• _COLLECTED DATA_
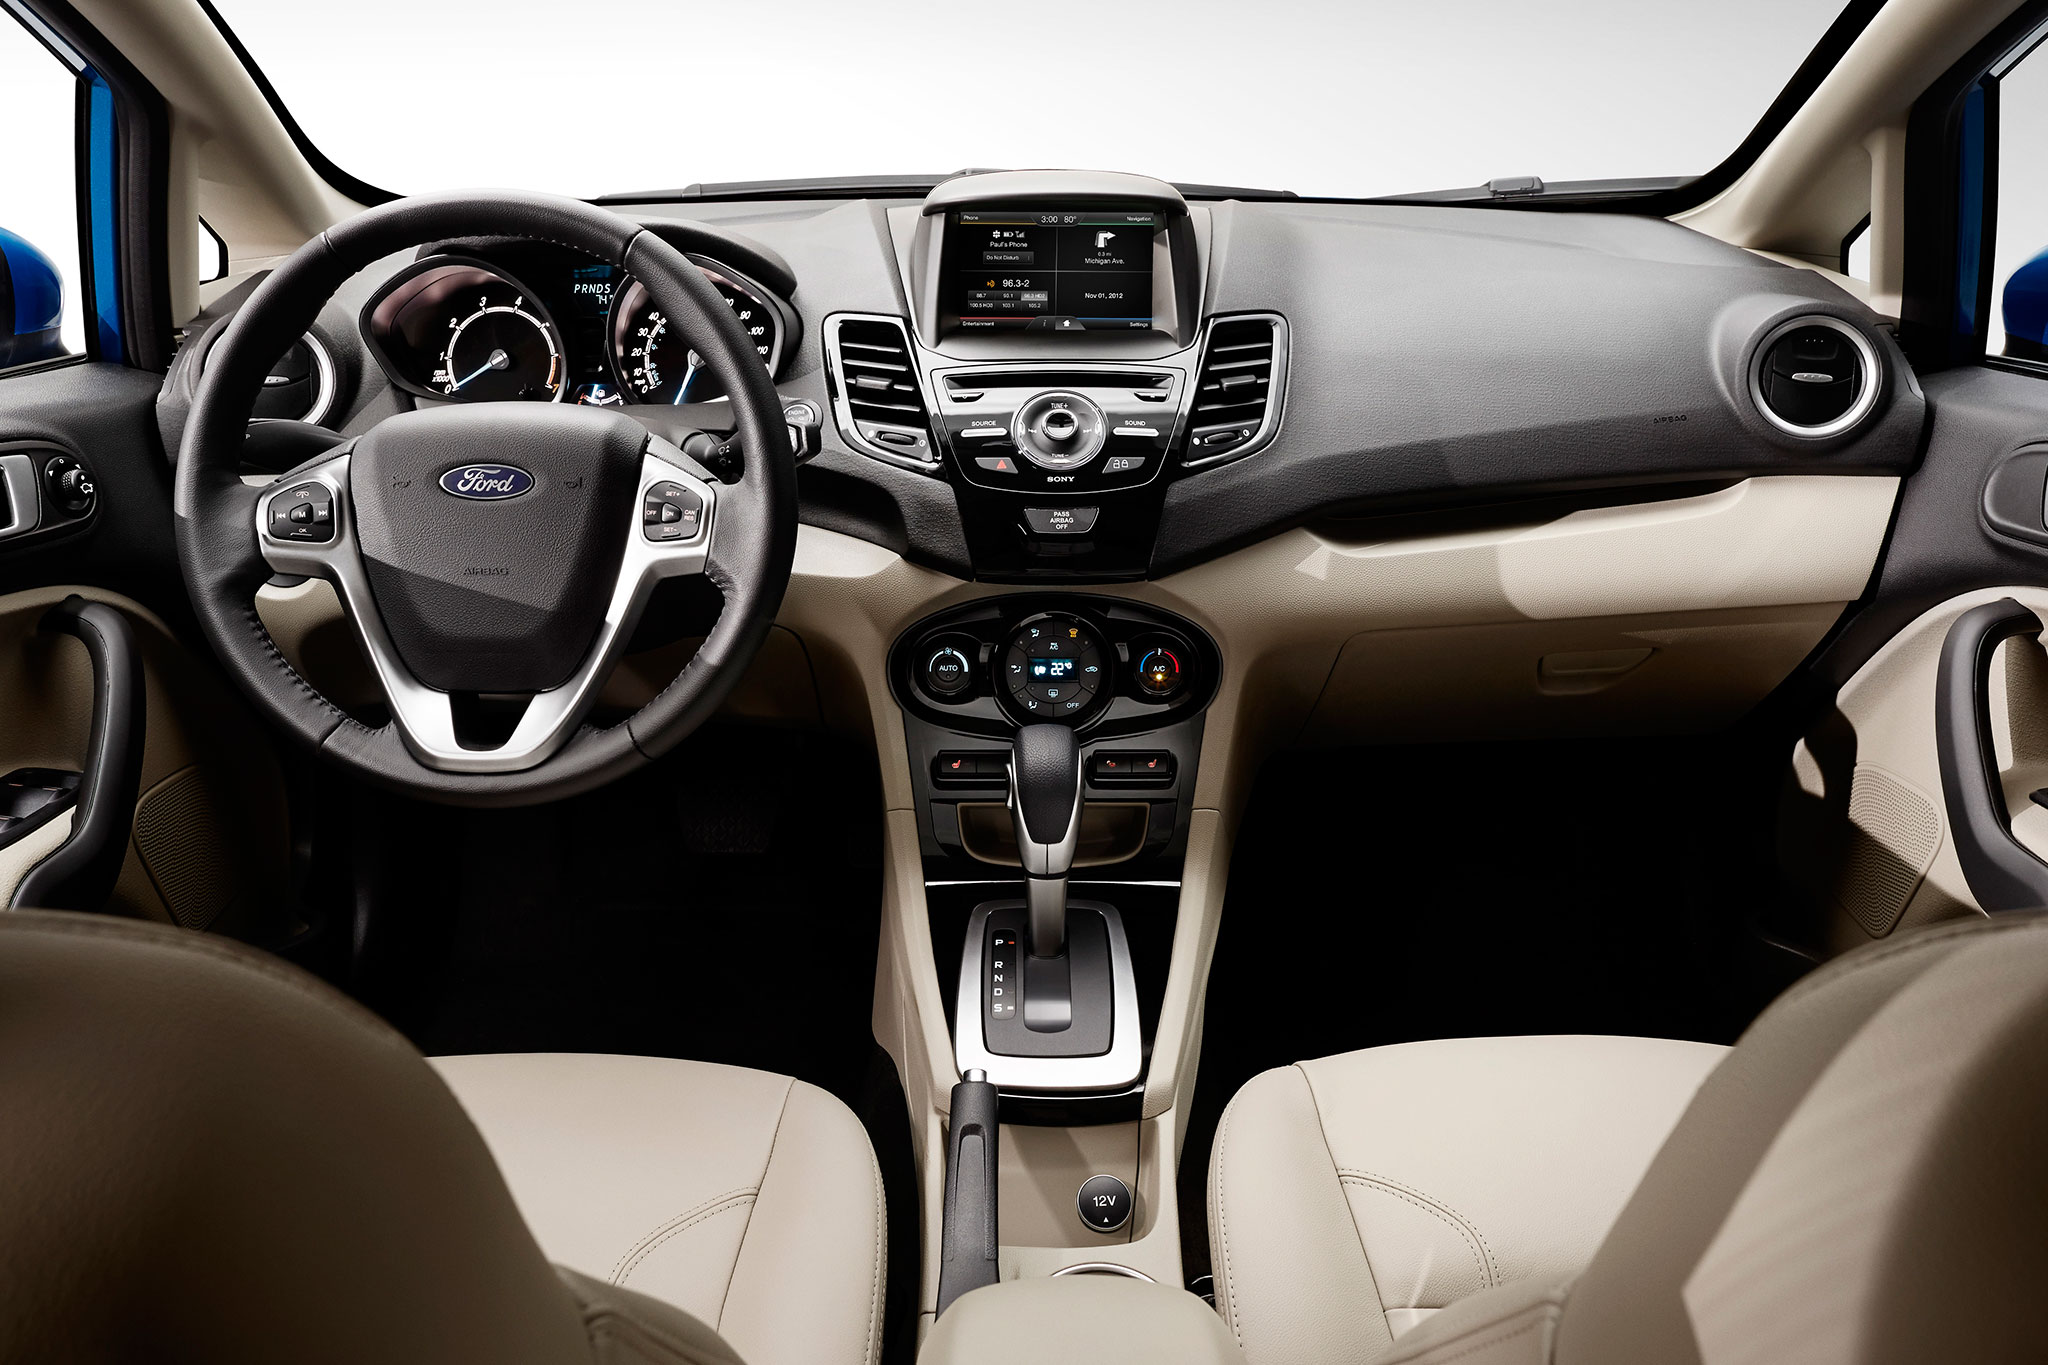 2014 Ford Fiesta. 13|250
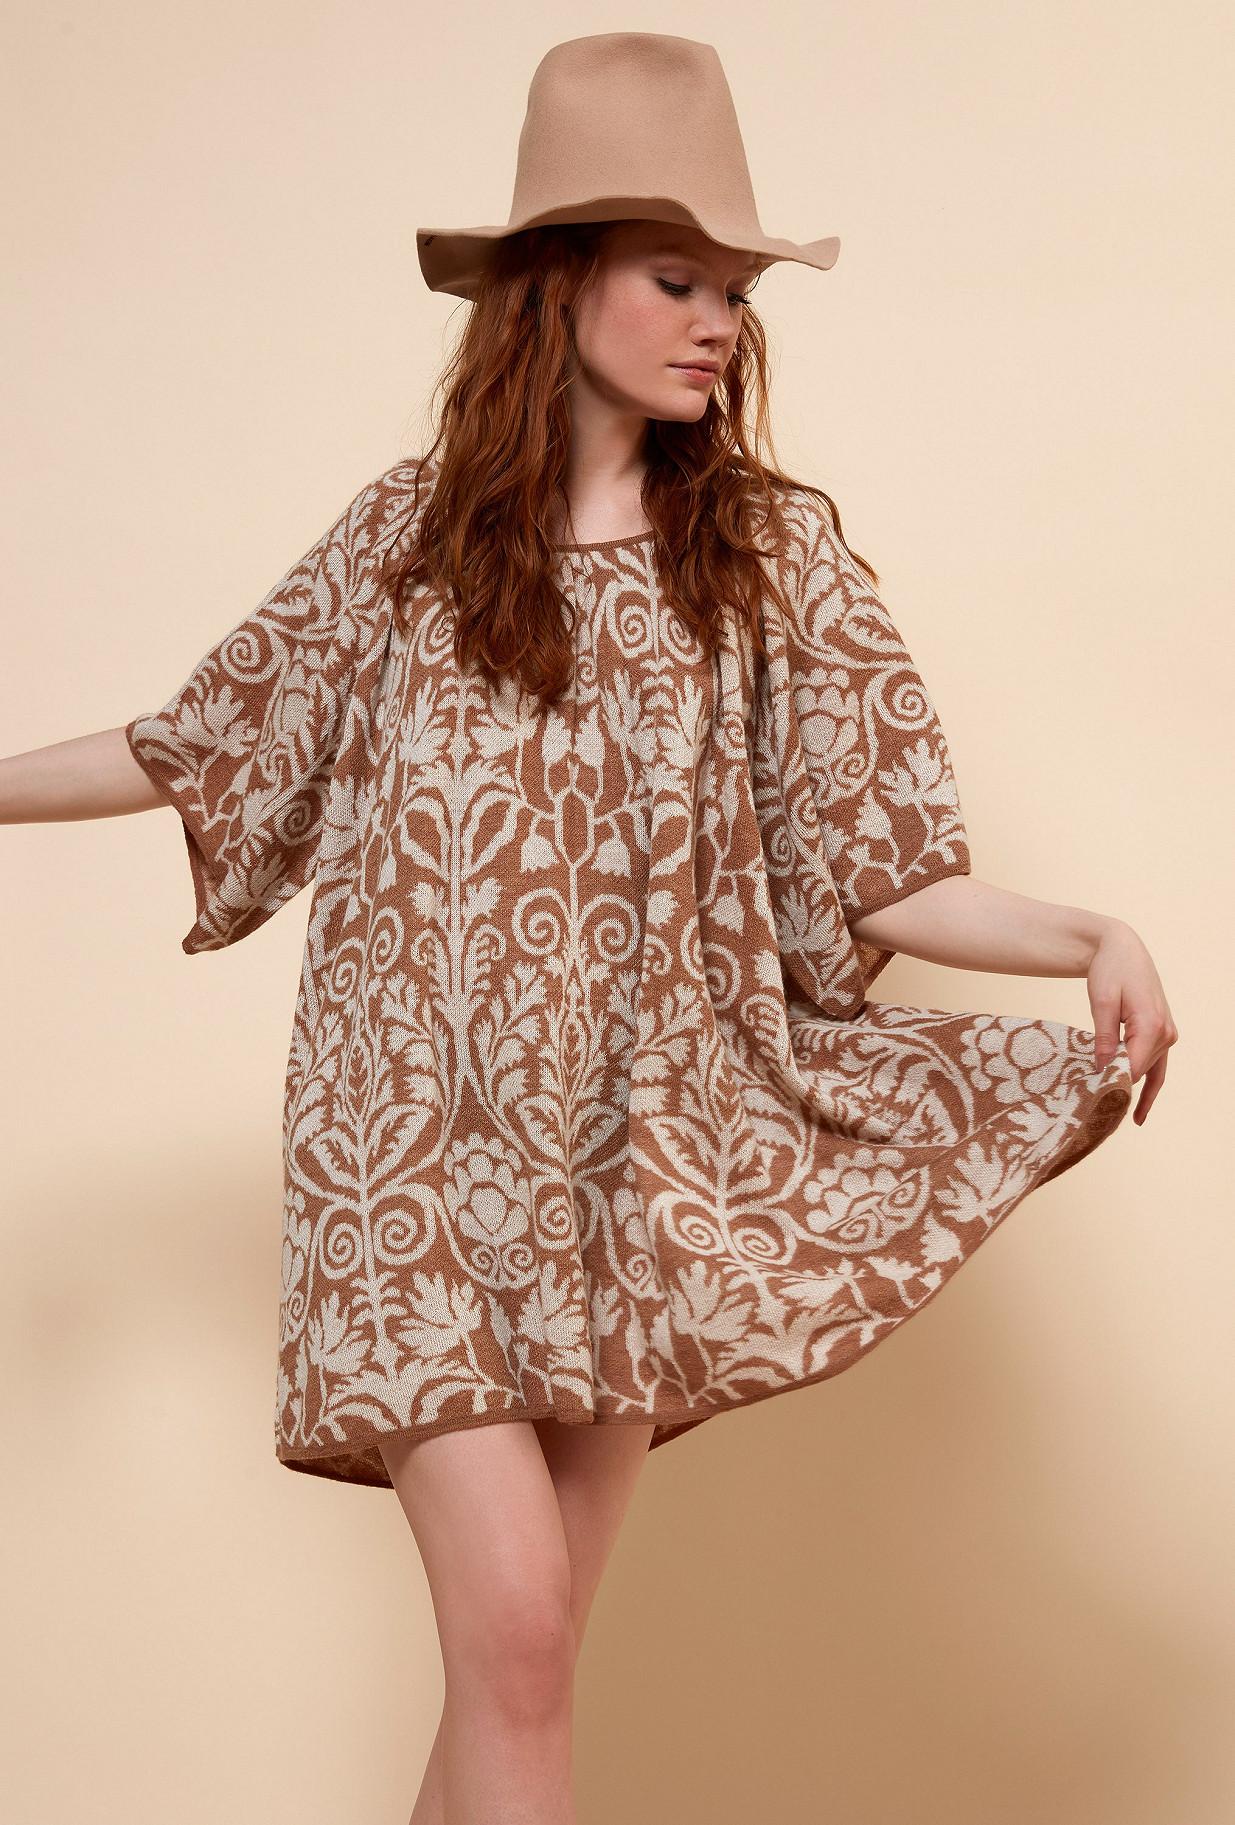 Paris clothes store Knit  Yami french designer fashion Paris
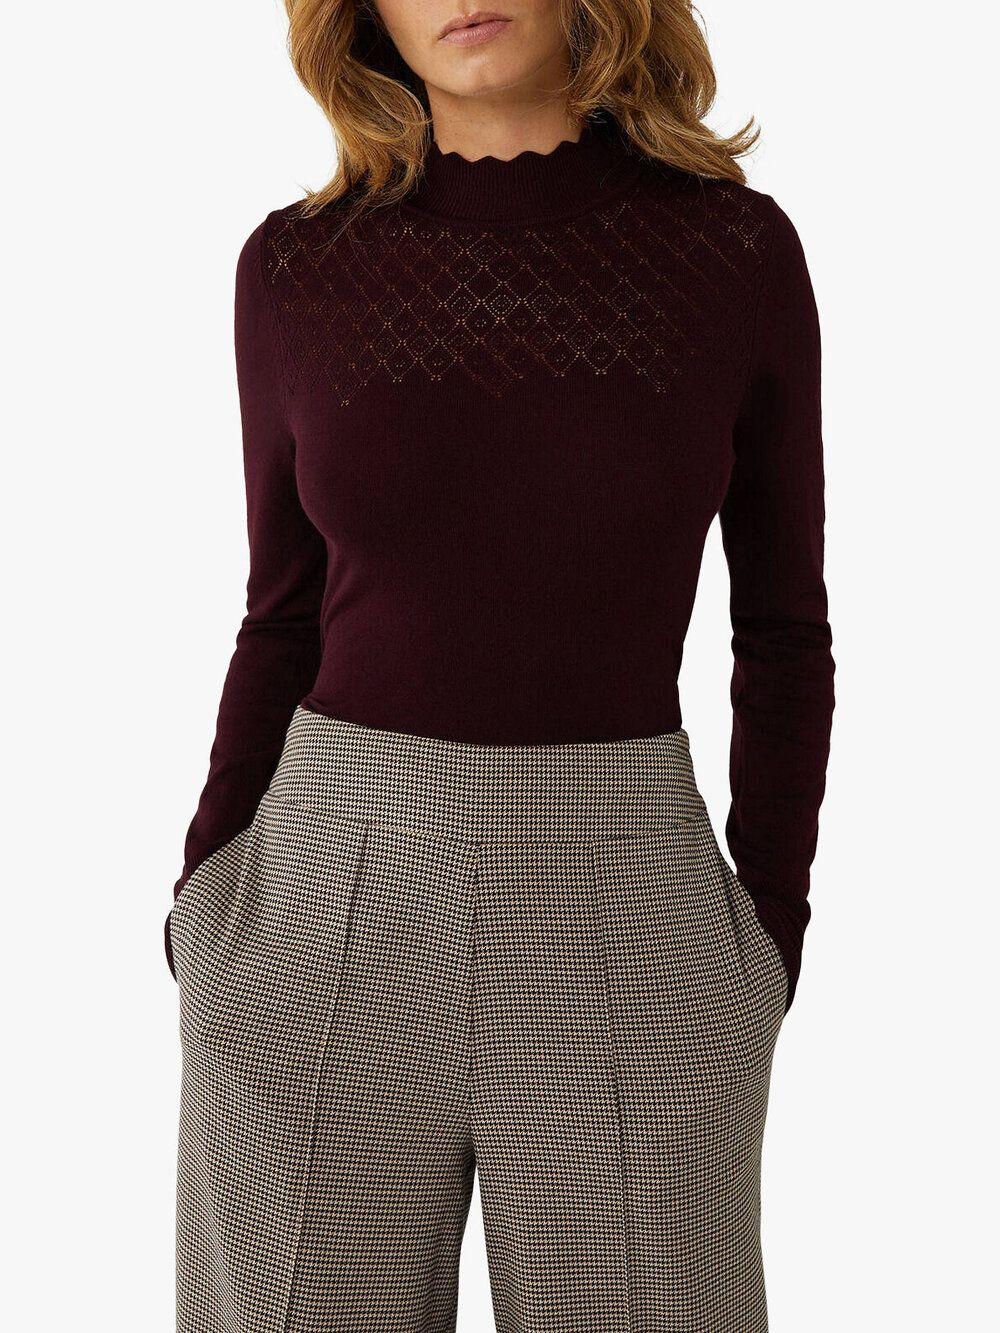 Nbsp Textured Sleeves Pointelle Sweater Knitwear Women
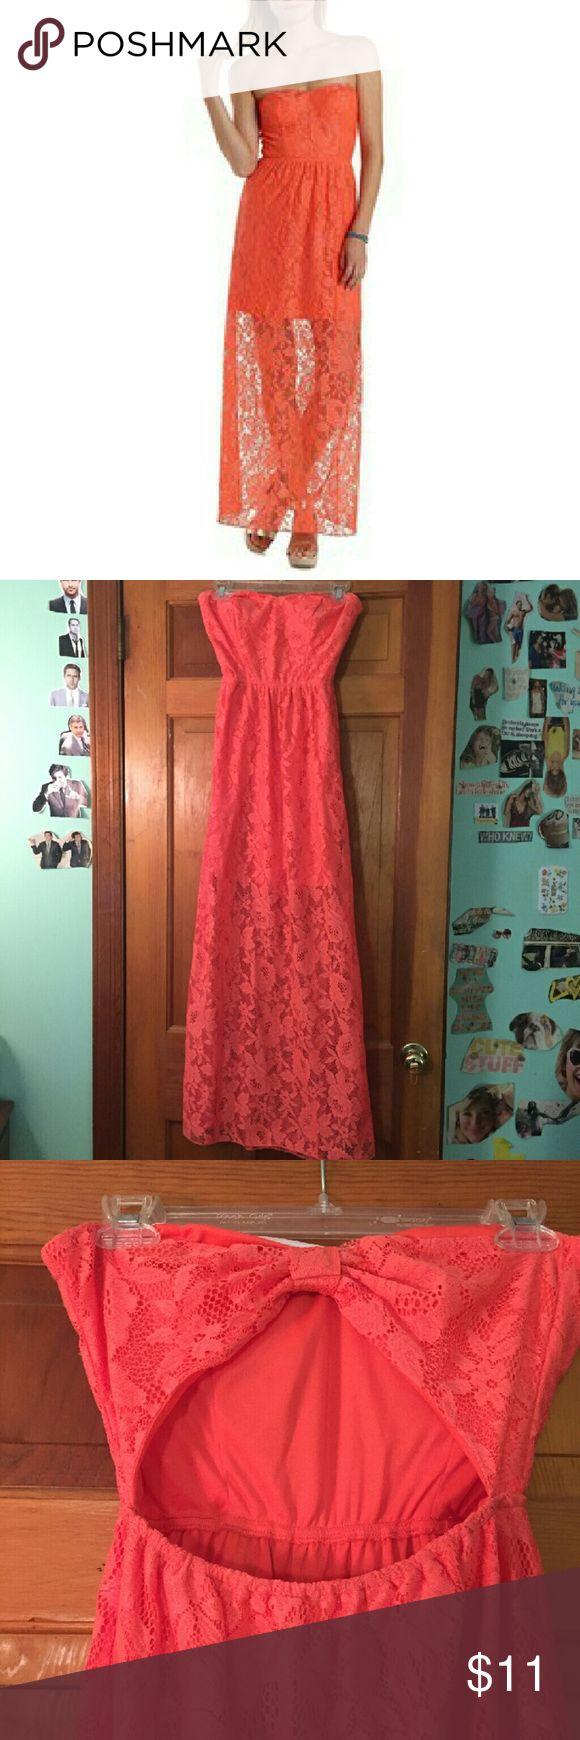 Lana lace maxi dress orange

• _REQUIRED ACTION_
Return the material above verbatim. Pictures are to be excluded.

• _WRITTEN ANSWER_
 2014 Ford Fiesta. 13|250
 Paris clothes store Knit  Yami french designer fashion Paris
 Nbsp Textured Sleeves Pointelle Sweater Knitwear Women
 Lana lace maxi dress orange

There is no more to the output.